Site slowness
Incident Report for Clockwise MD
Postmortem

Summary

The maintenance window on the night of 2/23 included several changes of which one was a web server switch from Unicorn to Puma. This changes the application servicing model from process to multithreaded request handling. The change had been running in staging for 6 months. It’s also a change many other companies have made in the last two years as Puma has become the default web server for many web sites.

The web server change caused an unexpected slowdown in application performance when under heavy load not seen in previous testing.

Cause

On Sunday afternoon (2/24 from 1615 to 1705 UTC), we saw issues with slow response times and upon investigation, database connection issues. With the new configuration, the database pool size needed to be increased and that change didn’t roll out. Once the change was rolled out, everything stabilized as Sunday went on.

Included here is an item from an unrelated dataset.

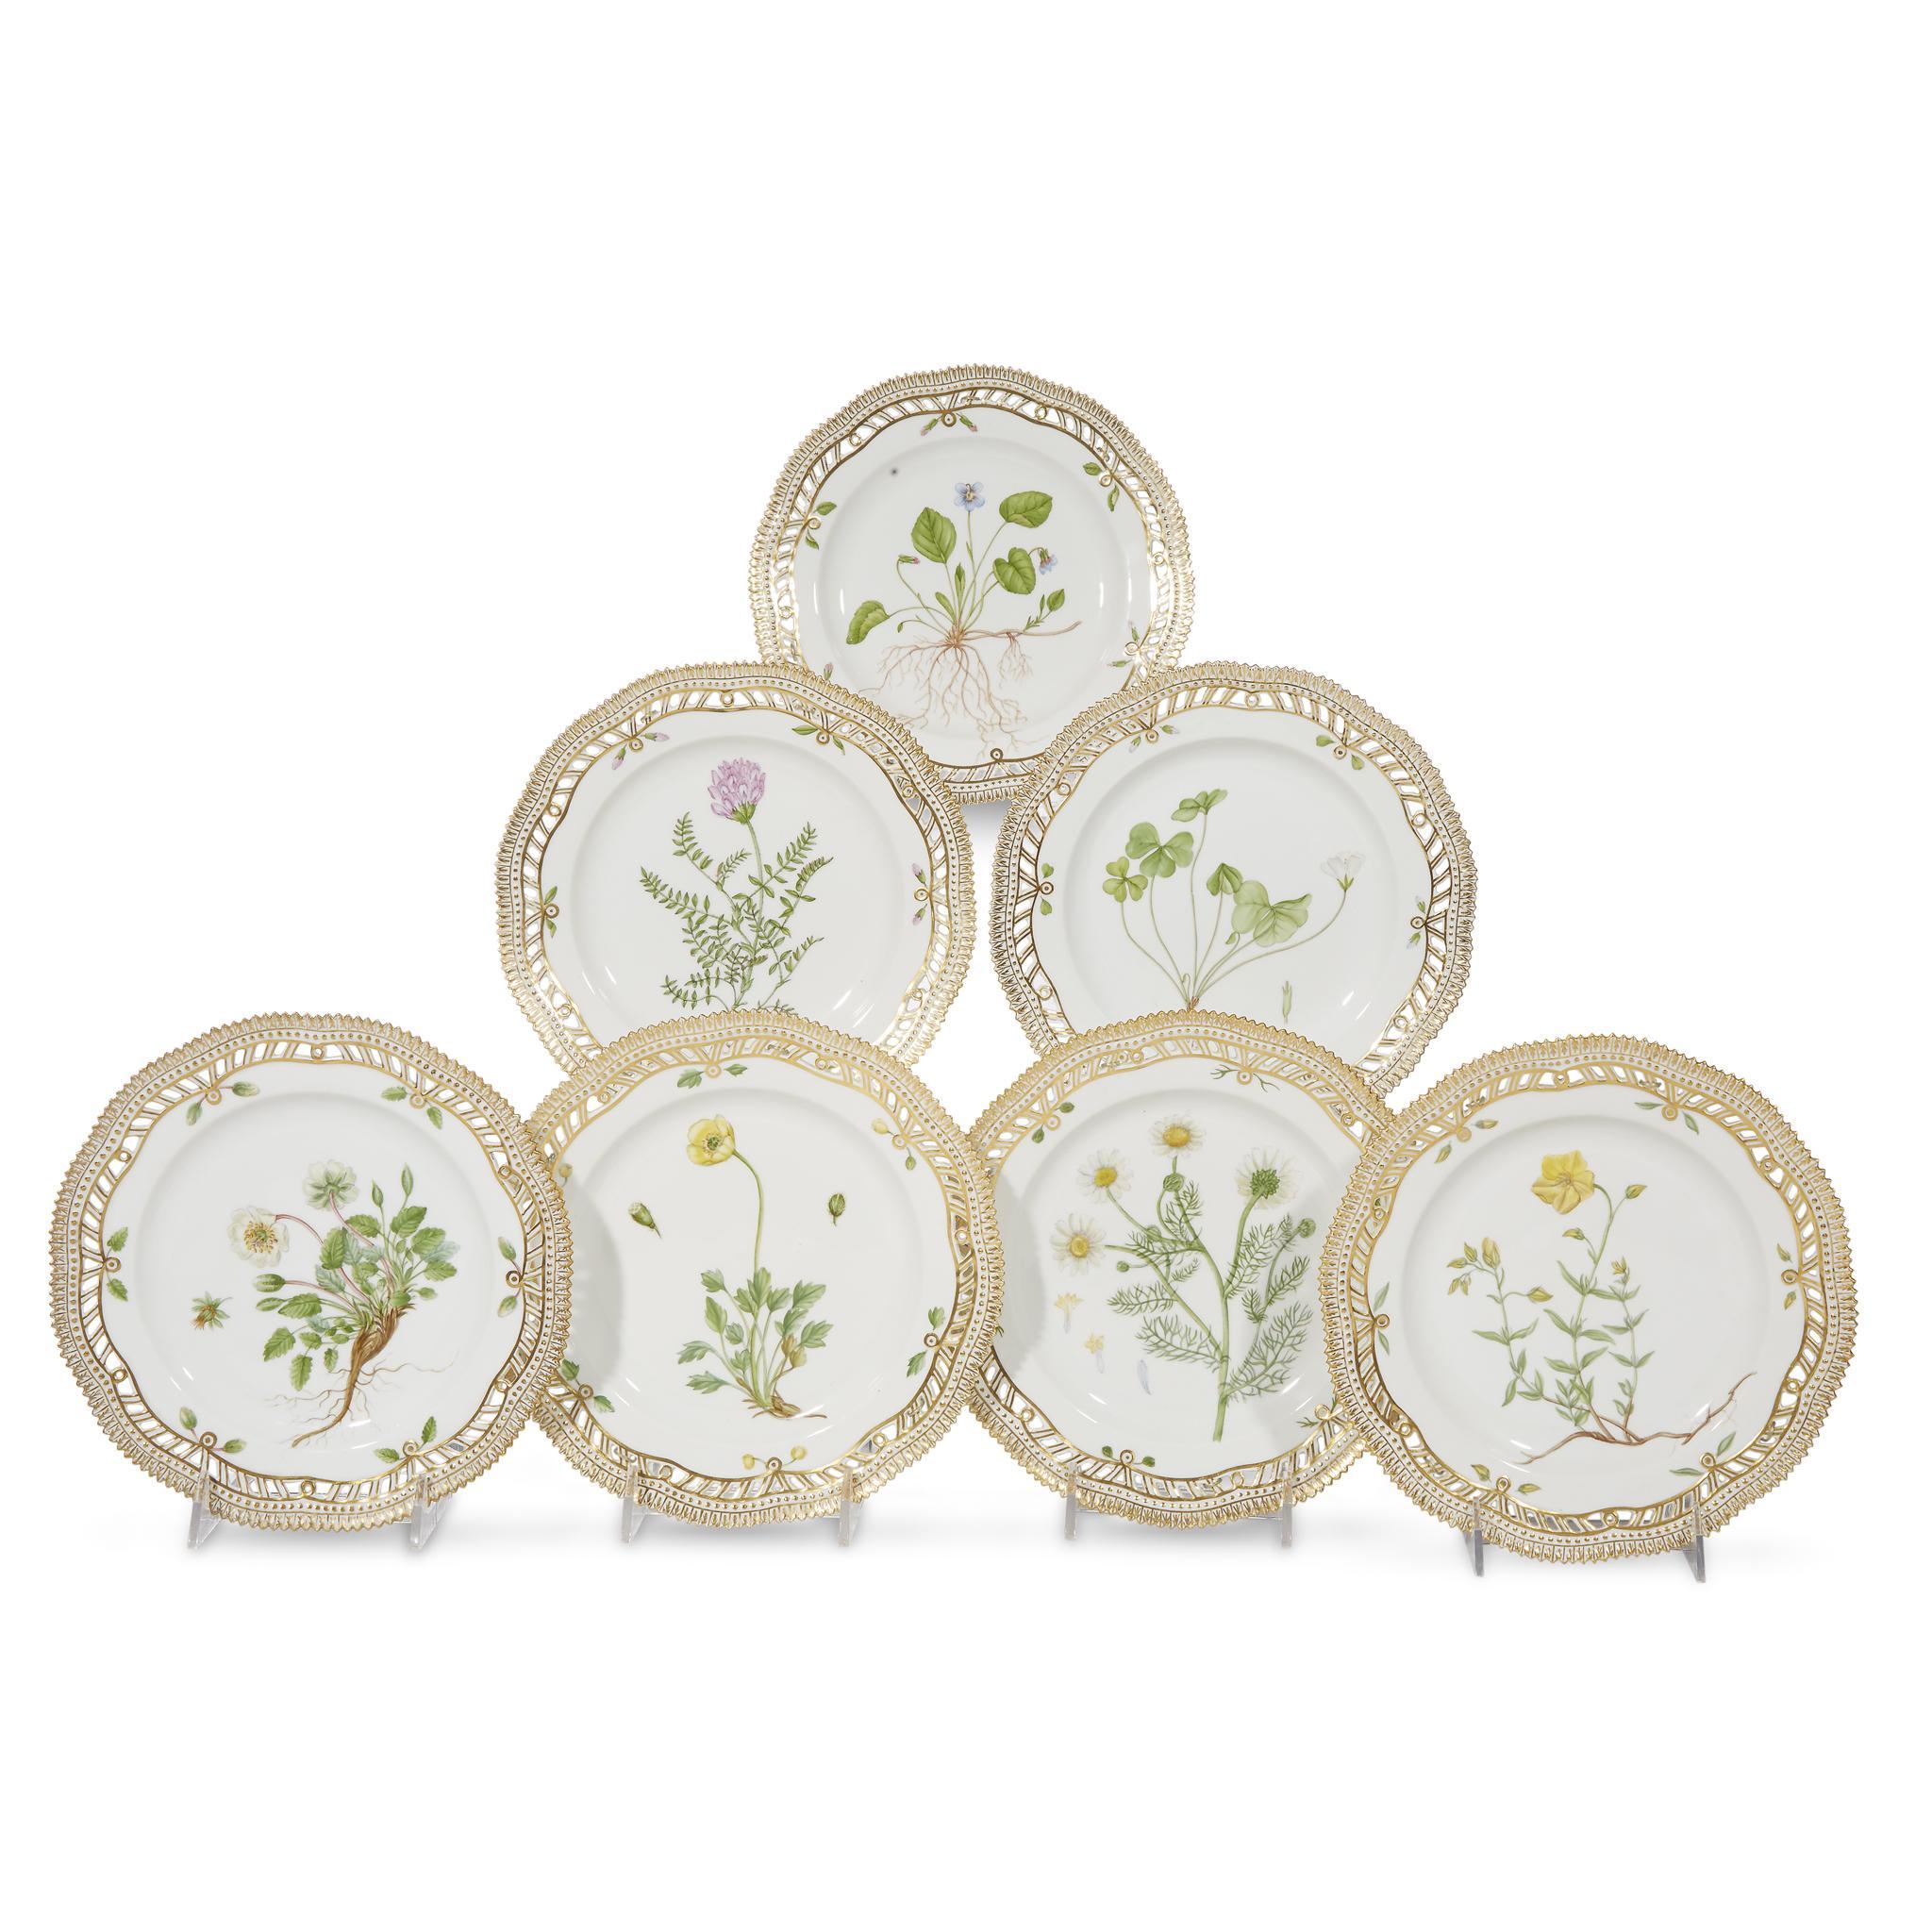 Dating royal copenhagen porcelain dinnerware

Monday morning (2/25 from 1605 to 1620 UTC) proved that the problem wasn’t related to just the database connection pool but to just poorer performance on the application servers. This primarily deals with handling fewer web requests due to the multithreaded model. The decision was made to move back to a known good configuration using Unicorn. The change was being made to 2 servers to confirm it would work and it did. To finish the rollout, a base configuration was changed. The expectation was that this change would be applied when running a “configure” step against the servers individually. However, the change was immediately picked up by Chef and applied to multiple servers immediately which then dropped out of the pool. This reduced the server availability to 20% of its normal size, at which point requests weren’t being kept up with and the site started being partially unavailable. Once servers were issued a reconfigure command, they became available.

Resolution

The maintenance window did allow the rollout of several enhancements to the infrastructure. Unfortunately the change in web server design caused stability issues on Sunday and Monday. As of 1620 UTC, all web servers are running to their previous optimal configuration.

Postmortem

It was determined during Sunday’s work to stabilize the system that we could run individual servers in different configurations fairly easily. That method was used again on Monday to test out the previous web server configuration. In future maintenance cycles, the decision was made to adjust a single canary server and run it for an extended period of time in production to gather more information. Then follow that with a maintenance window to adjust all servers accordingly.

Posted 7 months ago. Feb 25, 2019 - 21:16 EST

Resolved
Partial site availability issues and site slowness.
Posted 7 months ago. Feb 25, 2019 - 10:10 EST